══ Information provided ══

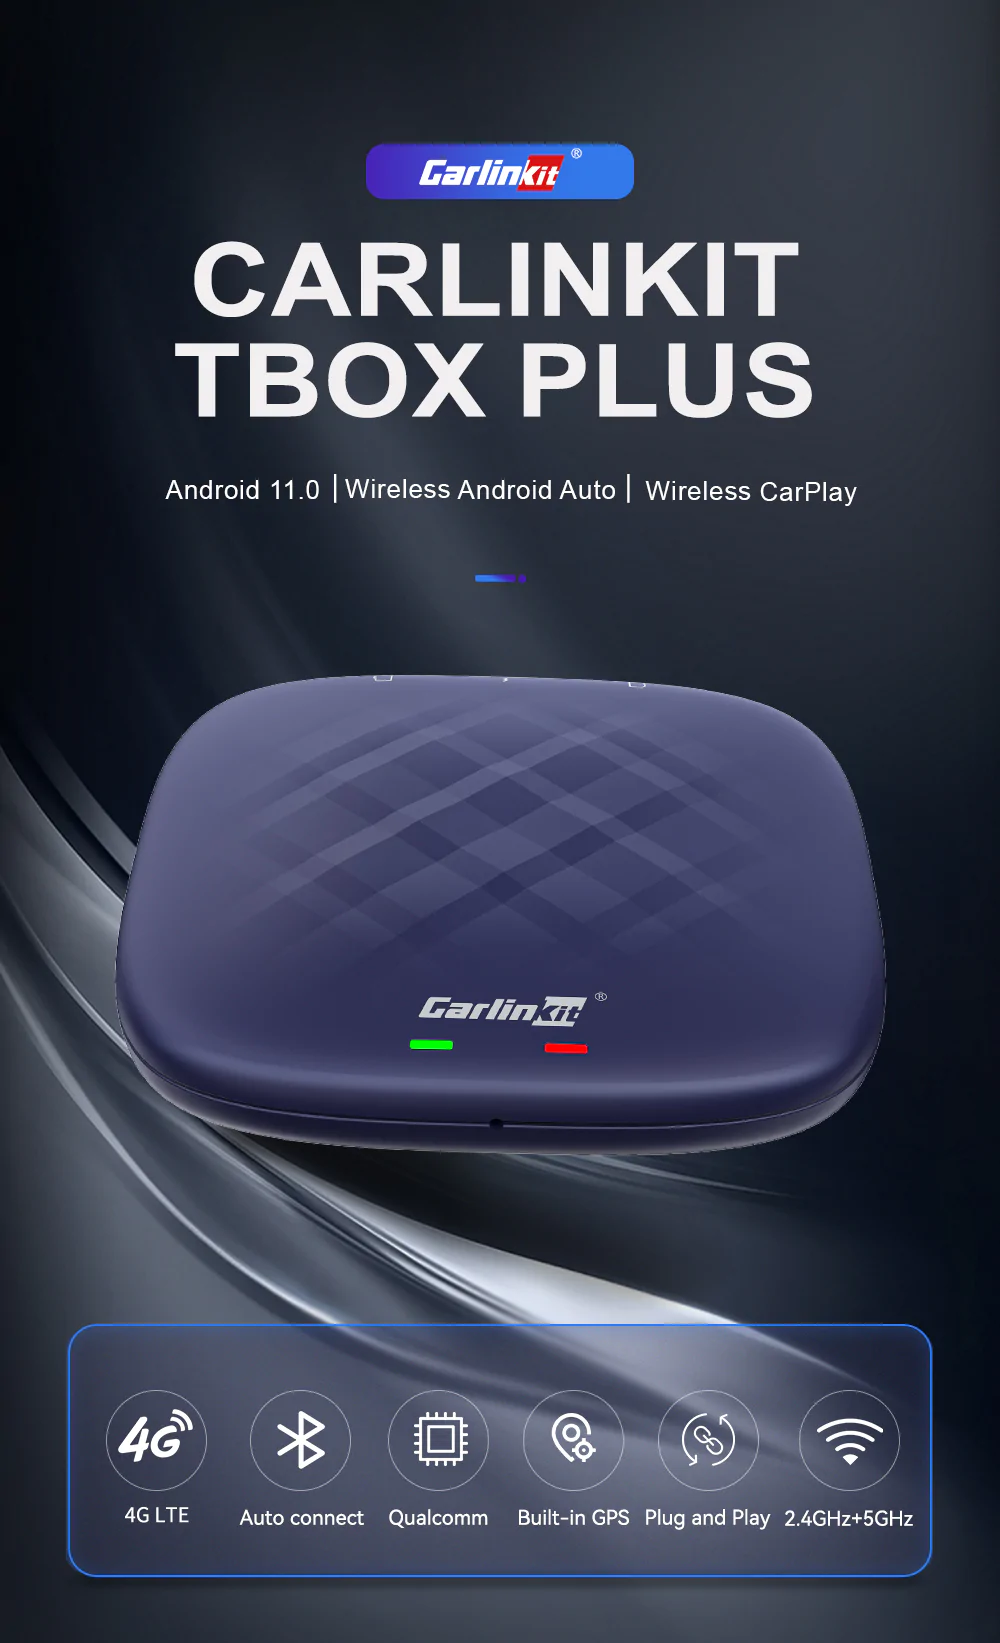 Carlinkit TBox Plus, phiên bản mới nhất sử dụng chip Snapdragon 665, hệ điều hành Android 11, hiệu năng cao
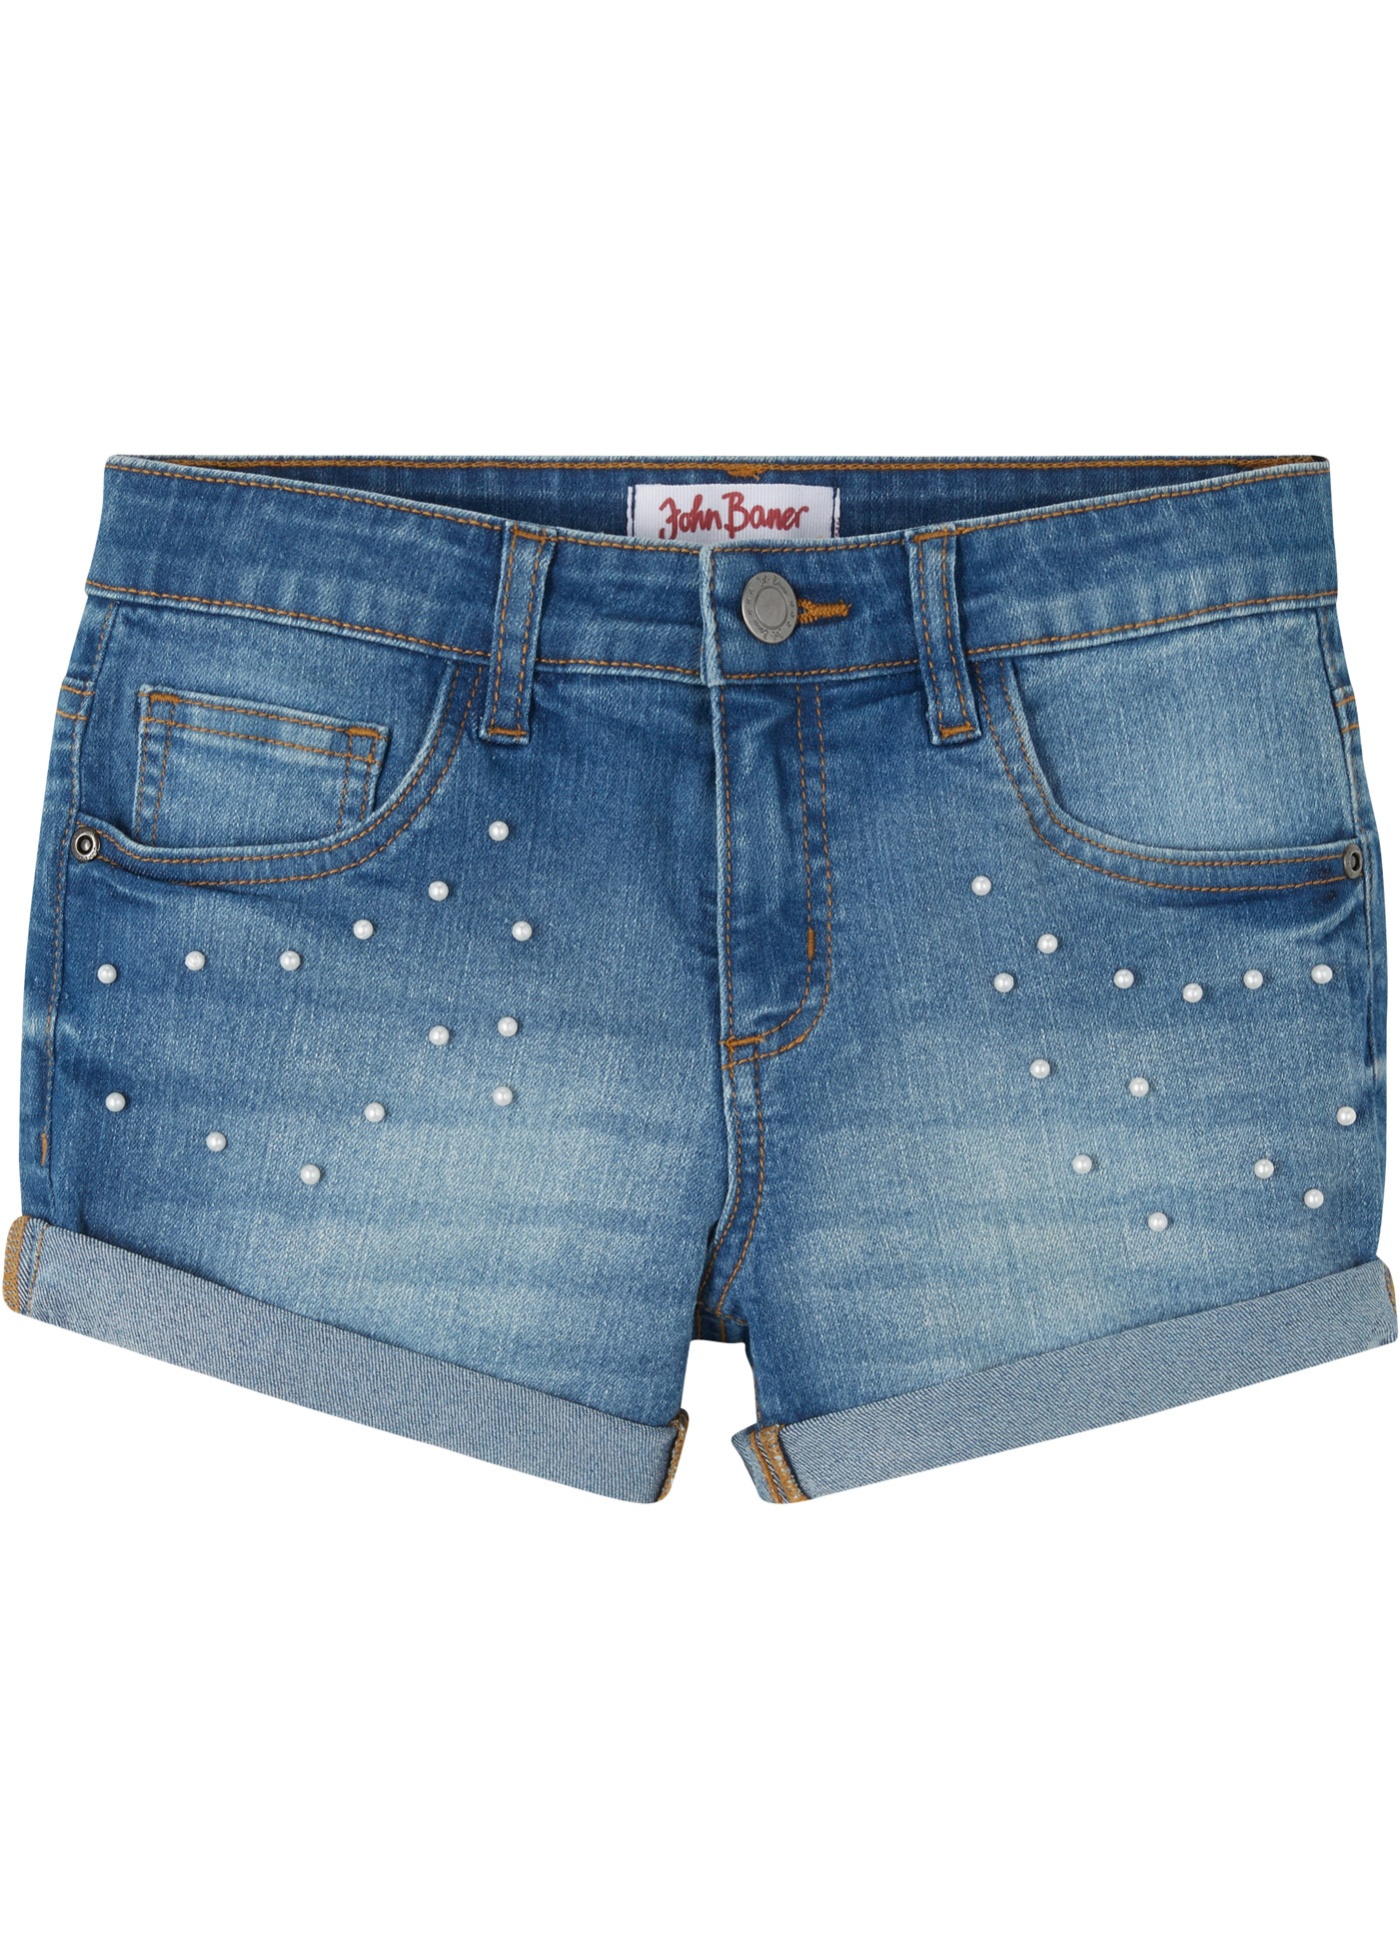 Mädchen Jeans-Shorts mit Perlen
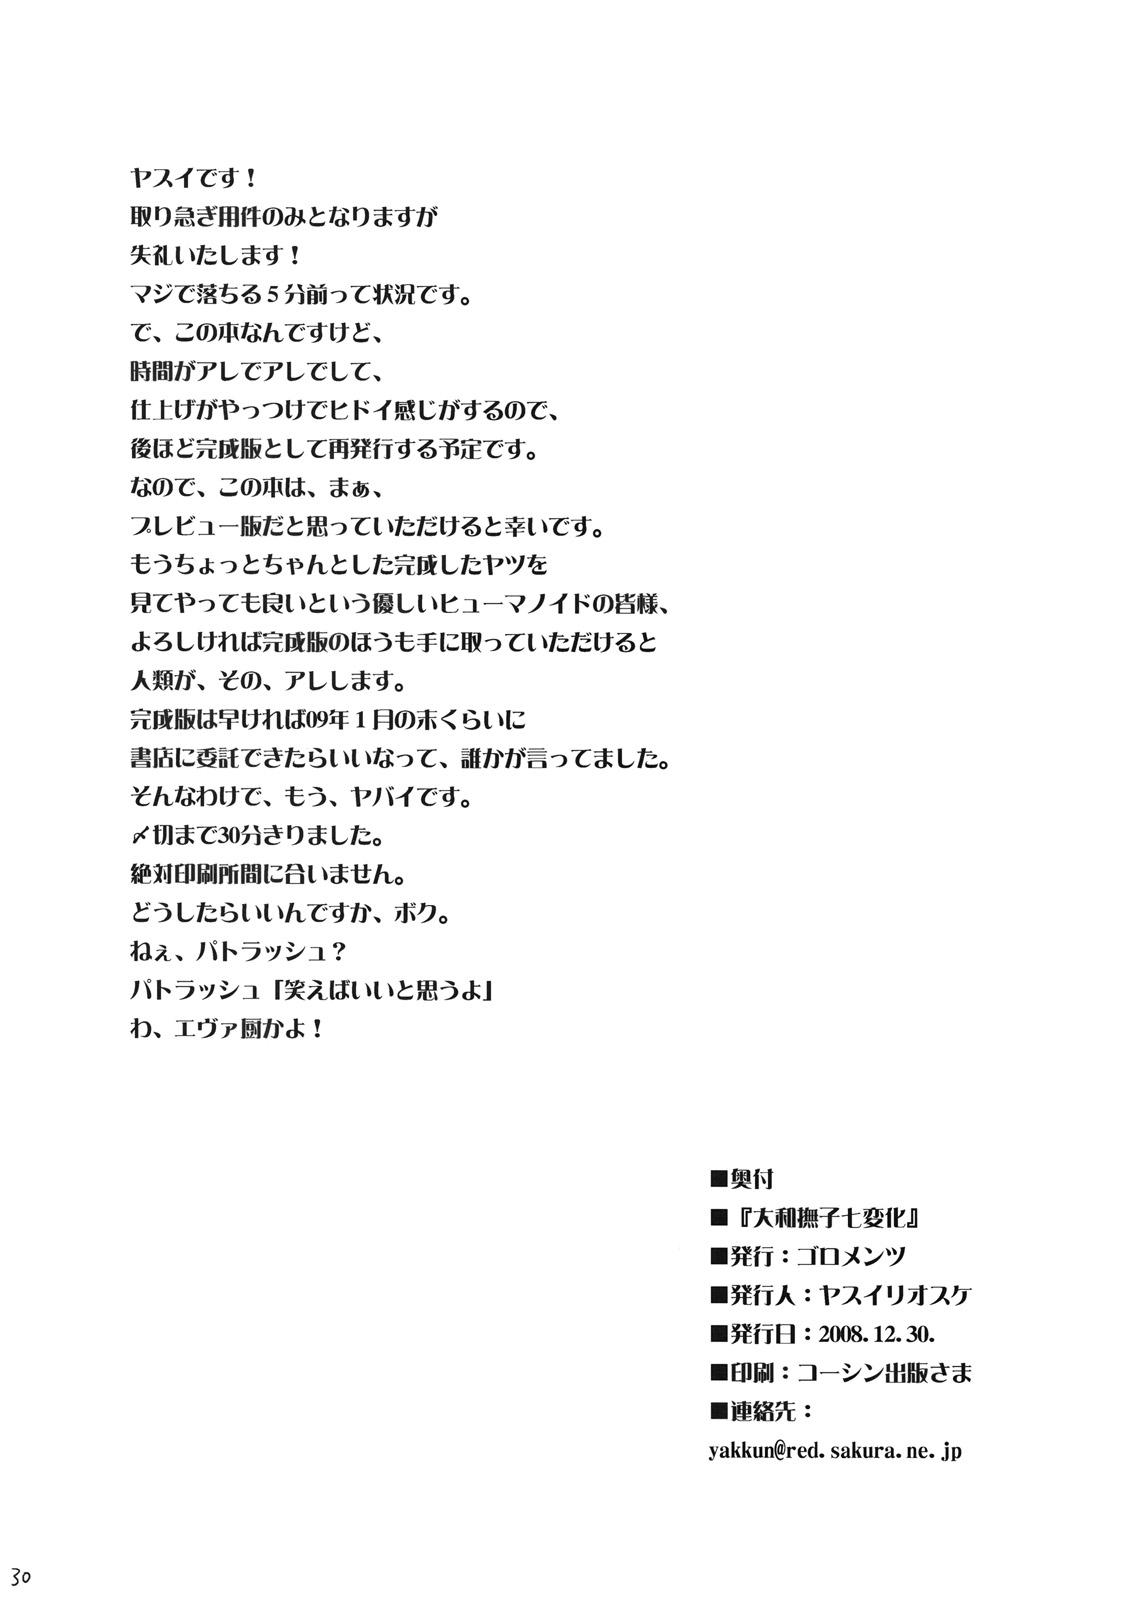 Gaping Yamato Nadeshiko Shichihenge - Code geass Storyline - Page 30
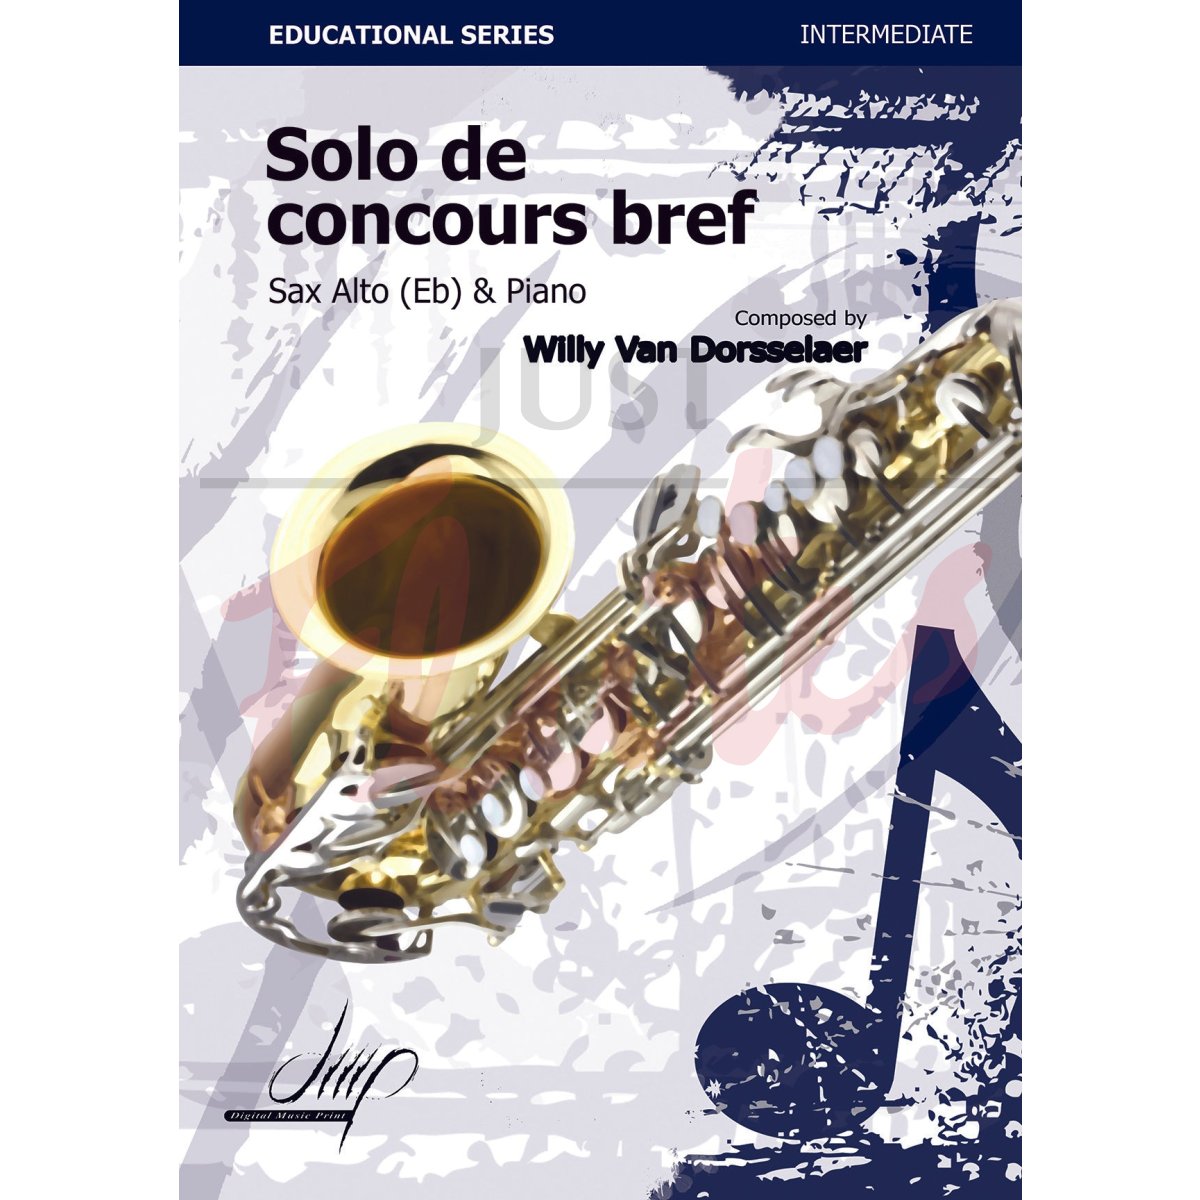 Solo de concours bref for Alto Saxophone and Piano

═══

Work order:
All of the data above needs to be retyped exactly, with the pictures removed.

Output of the task:
 Carlinkit TBox Plus, phiên bản mới nhất sử dụng chip Snapdragon 665, hệ điều hành Android 11, hiệu năng cao
 Mädchen Jeans-Shorts mit Perlen
 Gaping Yamato Nadeshiko Shichihenge - Code geass Storyline - Page 30
 Solo de concours bref for Alto Saxophone and Piano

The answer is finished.